Ingress -->        Envoy        --> Ambassador --> Other services
              (JWT valdation)

Istio ingress gateway

Ingress  --> istio-ingressgateway --> Other services

Restart microk8s

$ microk8s stop
$ microk8s start

Create kubeconfig

sudo microk8s.kubectl config view --raw > $HOME/.kube/config
export KUBECONFIG=$HOME/.kube/config

Manually install kubeflow

At the point of writing, microk8s enable kubeflow is not working for me.

Download kfctl

$ wget https://github.com/kubeflow/kfctl/releases/download/v1.2.0/kfctl_v1.2.0-0-gbc038f9_linux.tar.gz

Prepare your environment

  1. add path to kfctl binary to your $PATH
  2. export the following env variables
export BASE_DIR=/opt/
export KF_NAME=<your_kubeflow_deployment_name>
# Set the path to the base directory where you want to store one or more
# Kubeflow deployments. For example, /opt/.
# Then set the Kubeflow application directory for this deployment.
export KF_DIR=${BASE_DIR}/${KF_NAME}

# Set the configuration file to use when deploying Kubeflow.
# The following configuration installs Istio by default.
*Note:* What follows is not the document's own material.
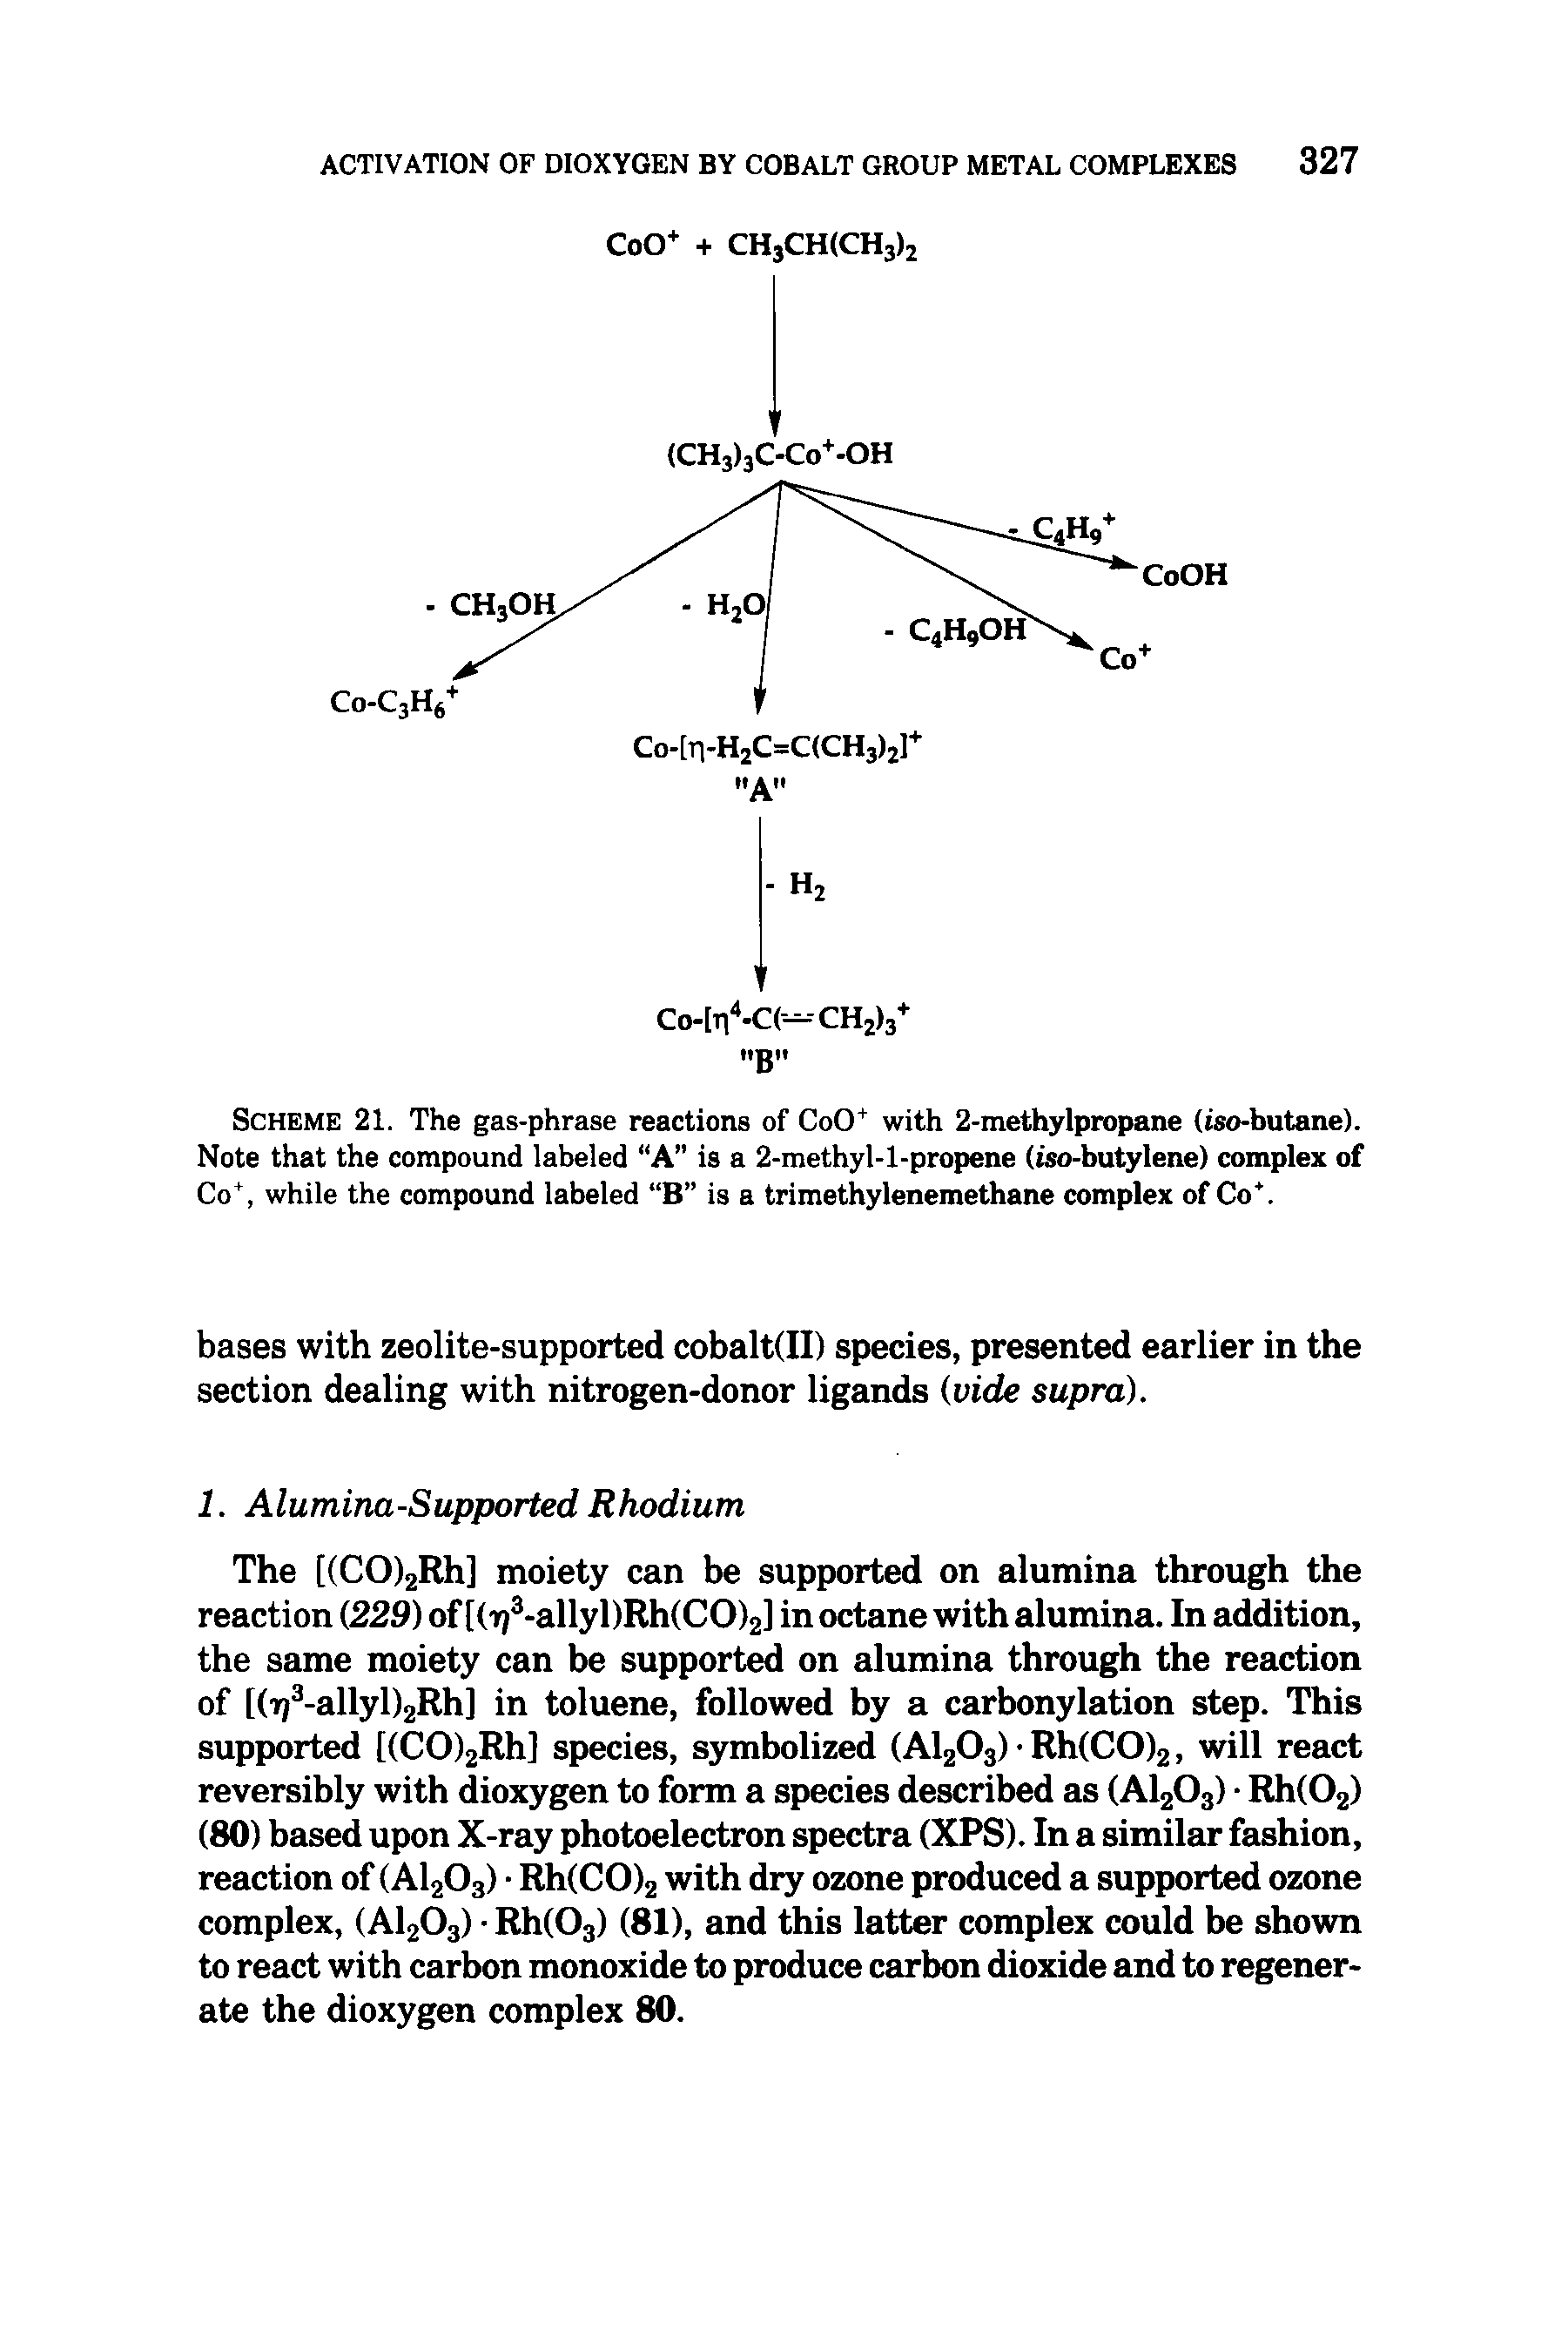 Scheme 21. The gas-phrase reactions of CoO+ with 2-methylpropane (iso-butane). Note that the compound labeled A is a 2-methyl-l-propene (iso-butylene) complex of Co , while the compound labeled B is a trimethylenemethane complex of Co. ...

Comment out
# the Istio components in the config file to skip Istio installation.
# See https://github.com/kubeflow/kubeflow/pull/3663
export CONFIG_URI="https://raw.githubusercontent.com/kubeflow/manifests/v1.2-branch/kfdef/kfctl_k8s_istio.v1.2.0.yaml"

change to https://raw.githubusercontent.com/kubeflow/manifests/v1.2-branch/kfdef/kfctl_istio_dex.v1.2.0.yaml if you want to have admin access (kudos to @kosehy)

Create empty directory

$ mkdir $HOME/kf_installation_temp && cd $HOME/kf_installation_temp
$ kfctl apply -V -f $CONFIG_URI

Access kubeflow dashboard

$ kubectl port-forward svc/istio-ingressgateway 8081:80 -n istio-system

Pulling large images

If you're pulling large images into microk8s, you might want to extend the pull-progress duration. Add the following to /var/snap/microk8s/current/args/kubelet

--image-pull-progress-deadline="10m"

Restarting microk8s might not be enough, you'll have to reboot the entire machine.

Kubeflow pipelines

Kubelet runtime

Pods from runs created by argo's workflow controller (underlying engine powering kfp) cannot be created unless the container runtime switched from remote (microk8s default) to docker (see github thread)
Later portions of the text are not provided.